_TASK GOAL_. Copy each line of the data below exactly, leaving out pictures.

_DATA SEGMENT_.
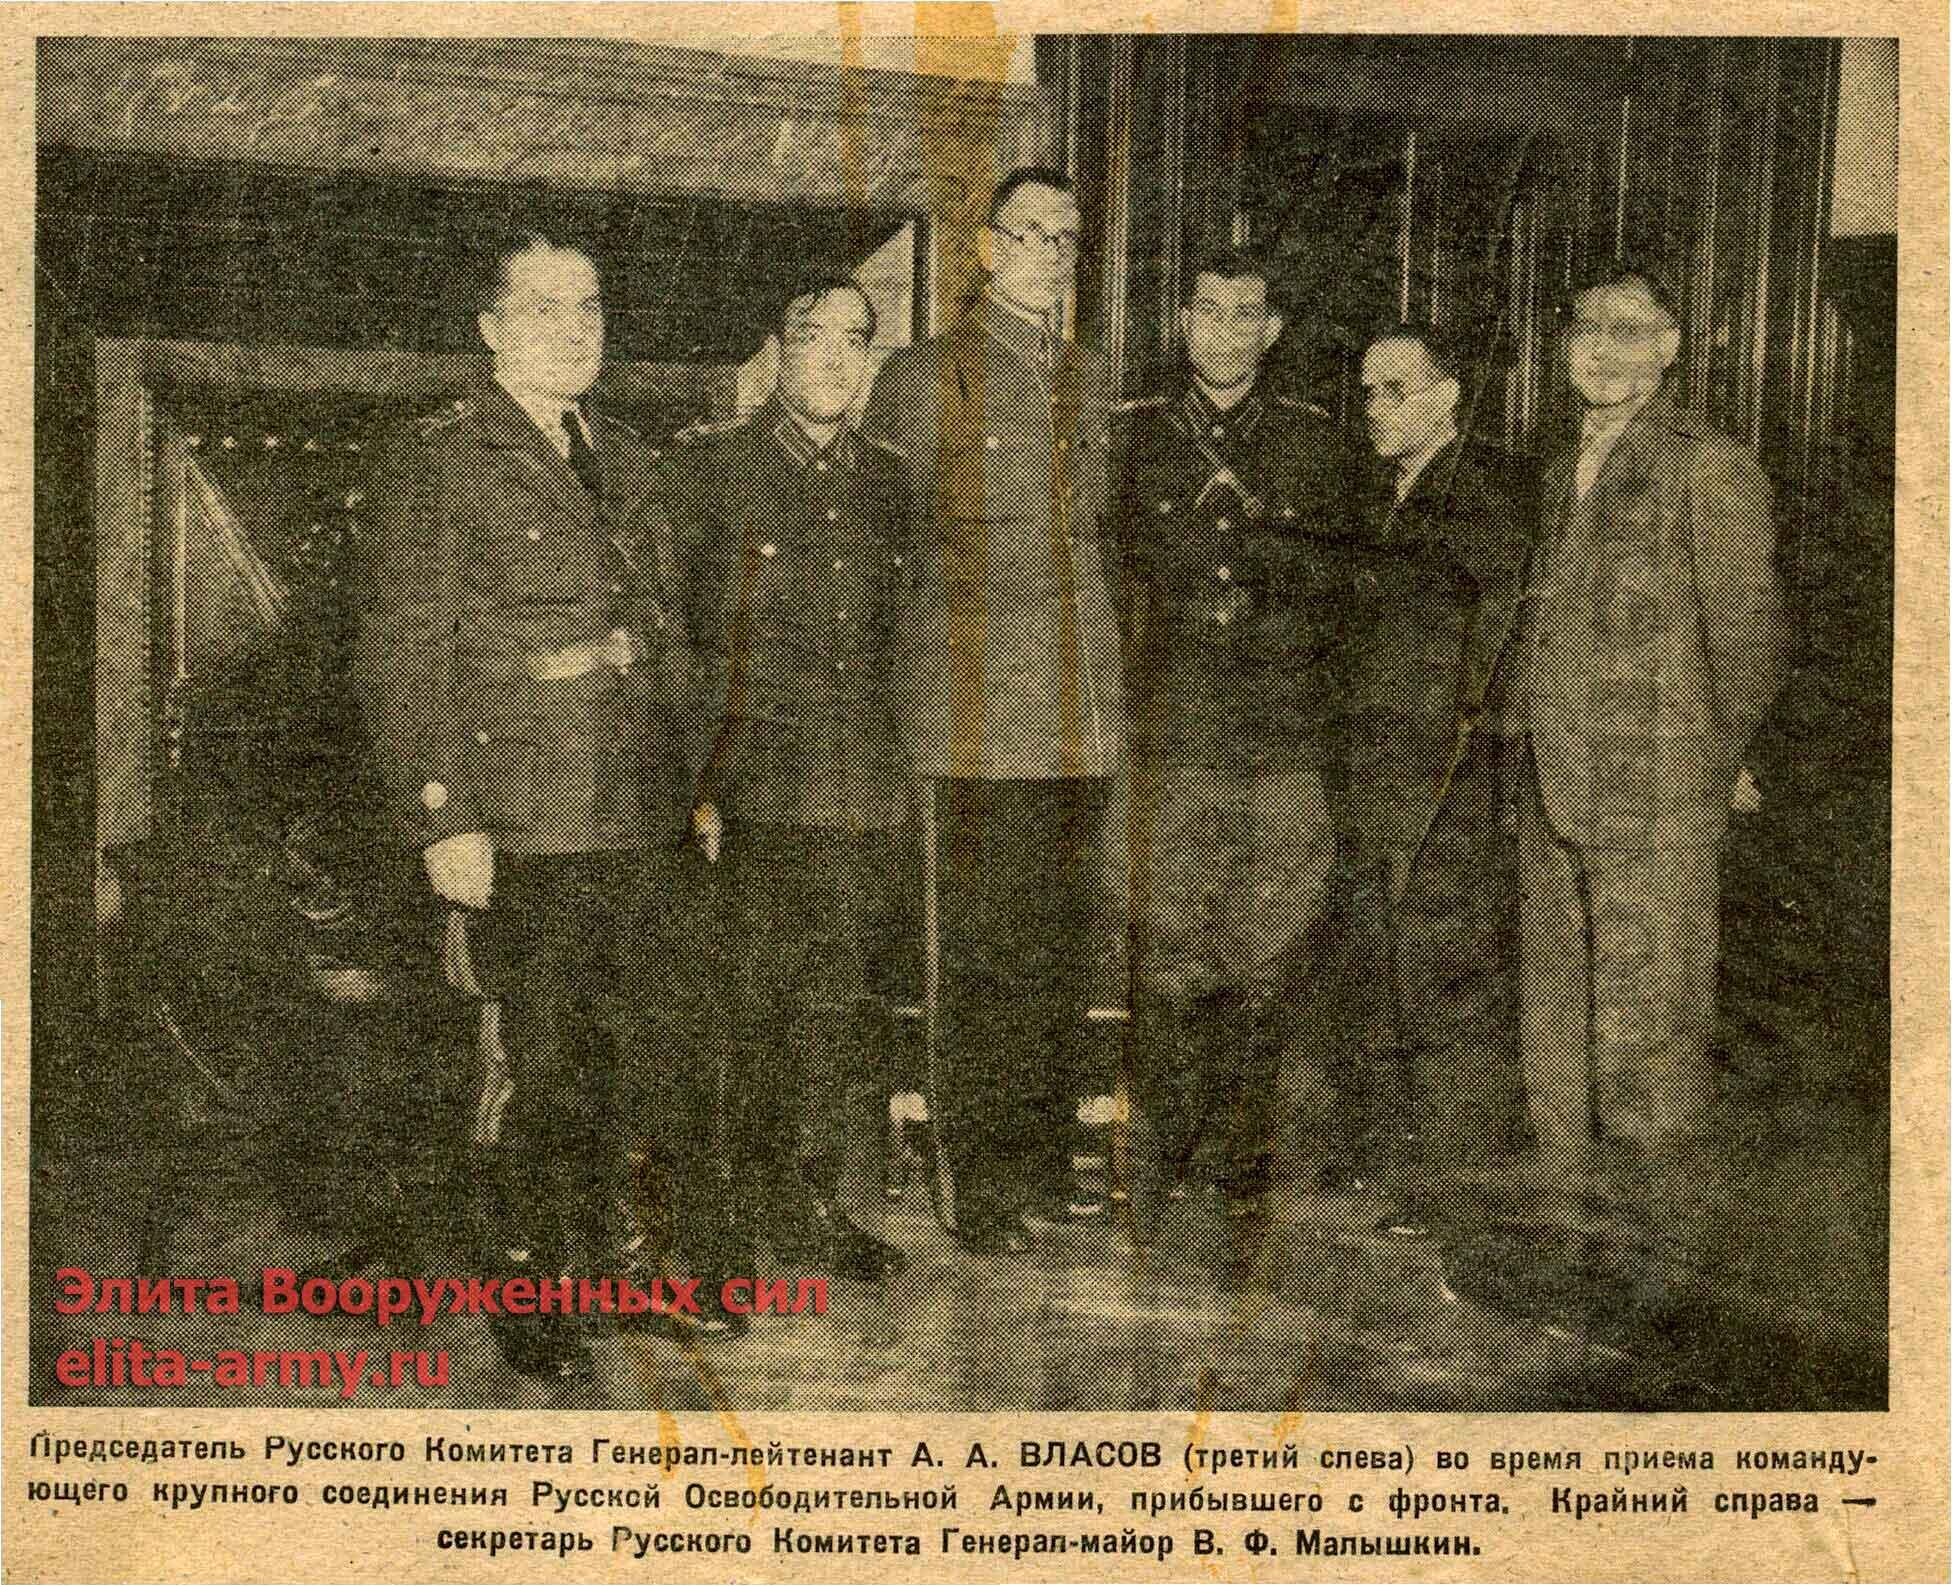 Vlasov_A_A__Listovka_1942
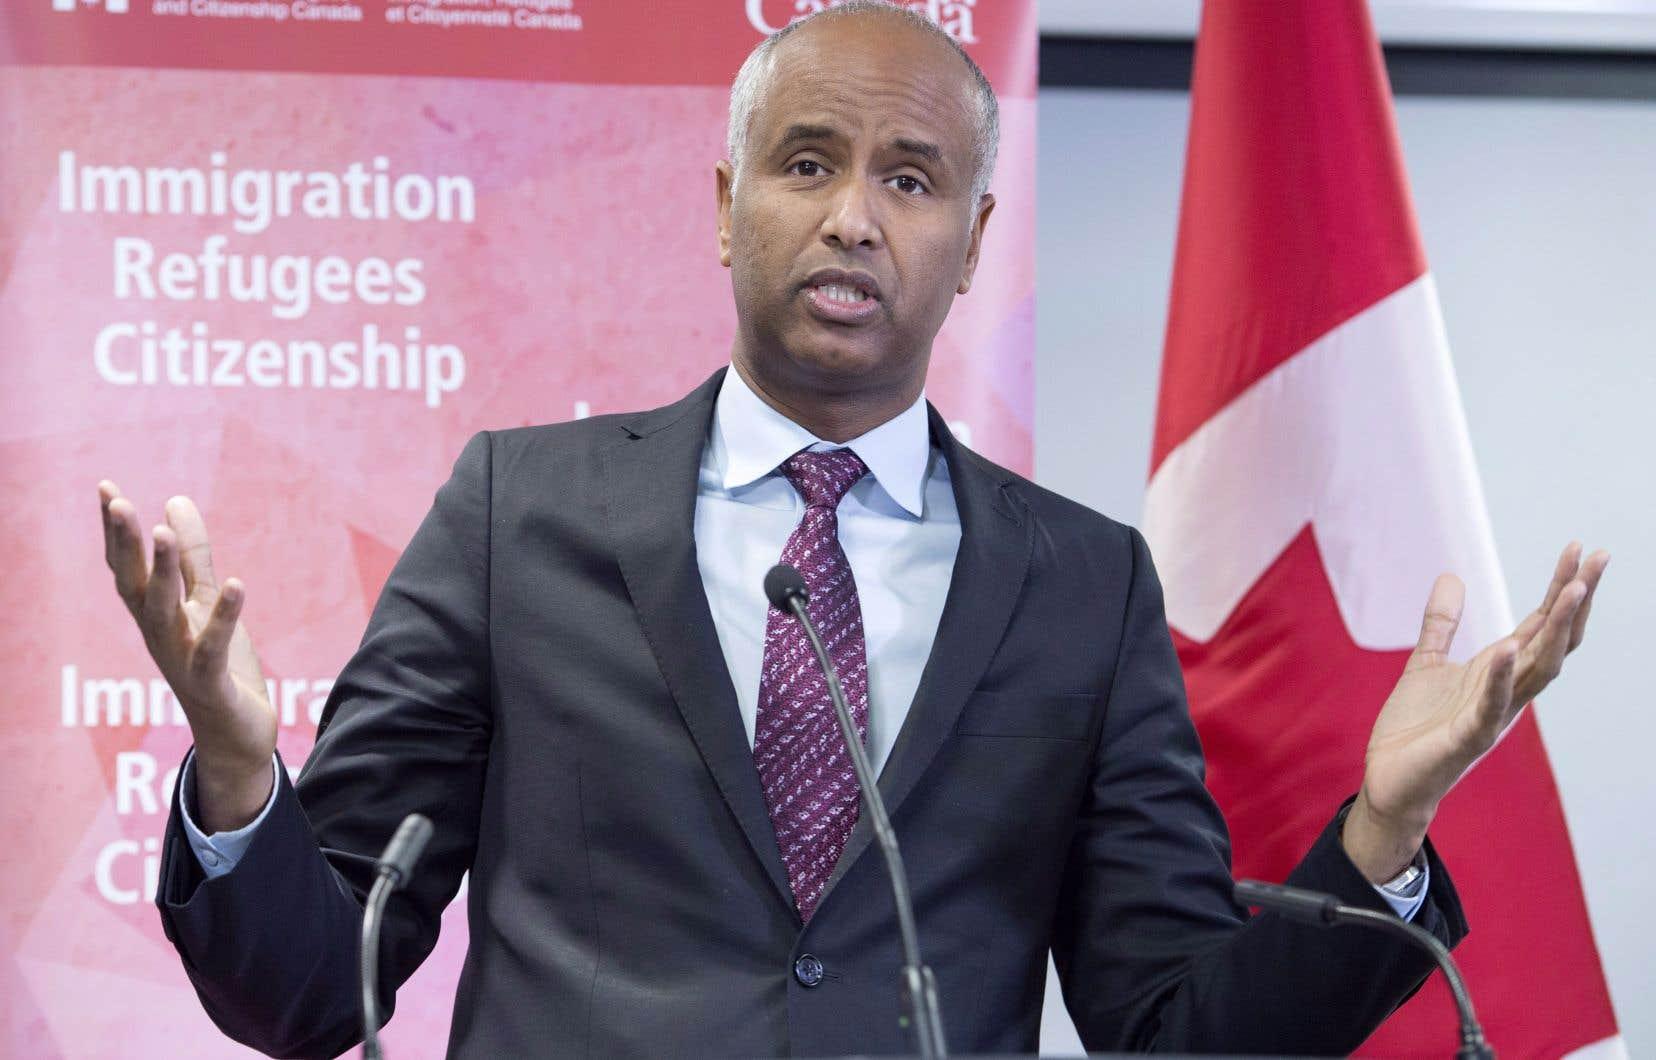 Le ministre de l'Immigration, Ahmed Hussen, estime que les demandeurs d'asile ne devraient pas effectuer une demande au Canada si celle-ci a déjà étéréclamée dans un pays qui offre un système d'asile comparable.
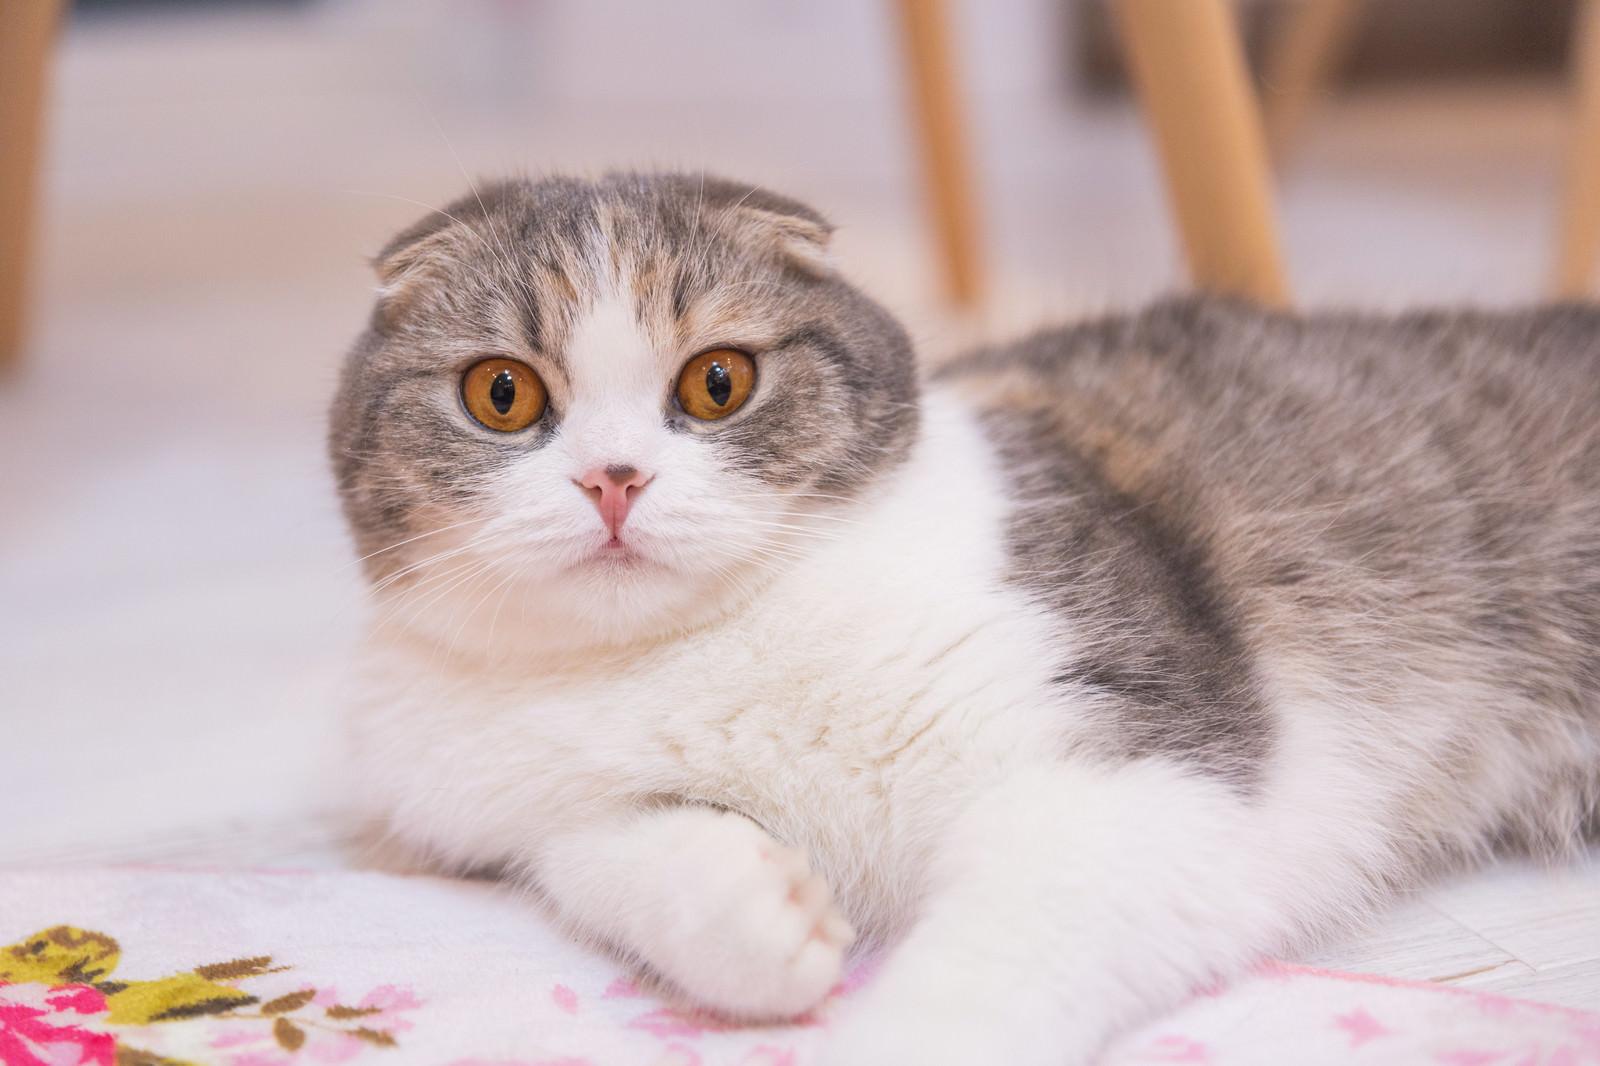 「目を見開く猫ちゃん」の写真
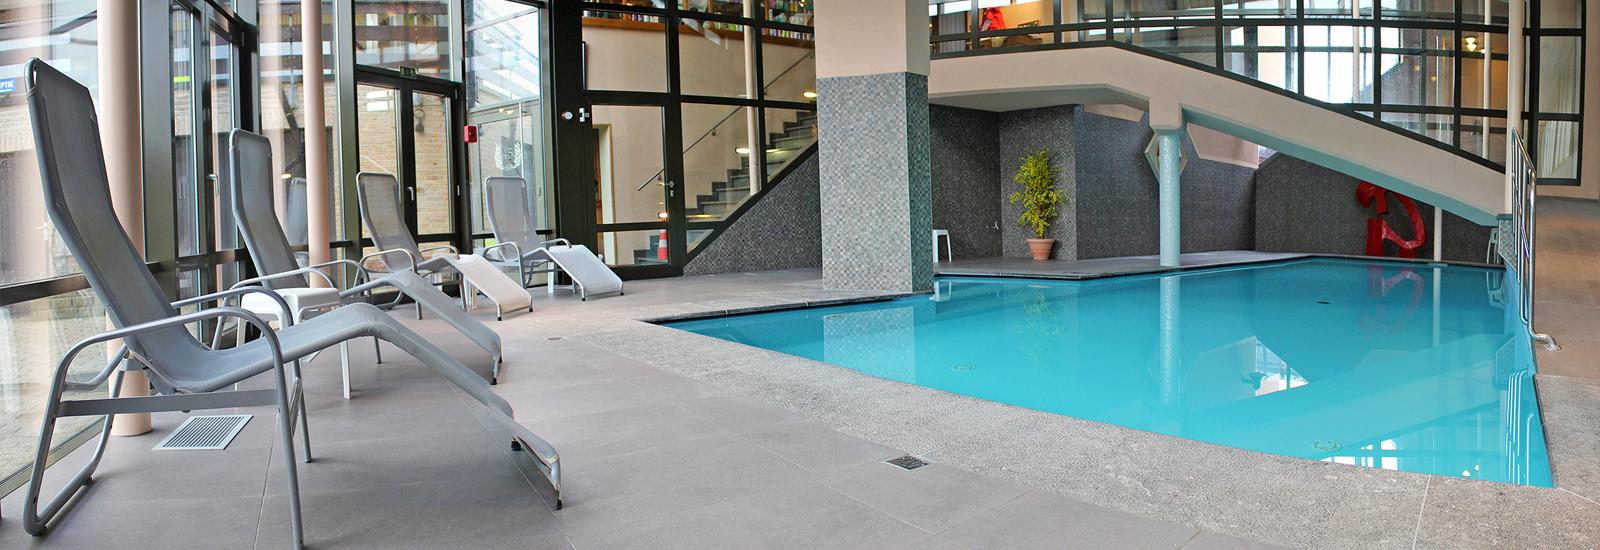 Soll Cress - Hotel *** - Hôtel Trois Étoiles Près De La Mer ... intérieur Piscine Coxyde

_ANSWER SPACE_.
 Vlasov_A_A__Listovka_1942
 Le ministre de l'Immigration, Ahmed Hussen, estime que les demandeurs d'asile ne devraient pas effectuer une demande au Canada si celle-ci a déjà étéréclamée dans un pays qui offre un système d'asile comparable.
 「目を見開く猫ちゃん」の写真
 Soll Cress - Hotel *** - Hôtel Trois Étoiles Près De La Mer ... intérieur Piscine Coxyde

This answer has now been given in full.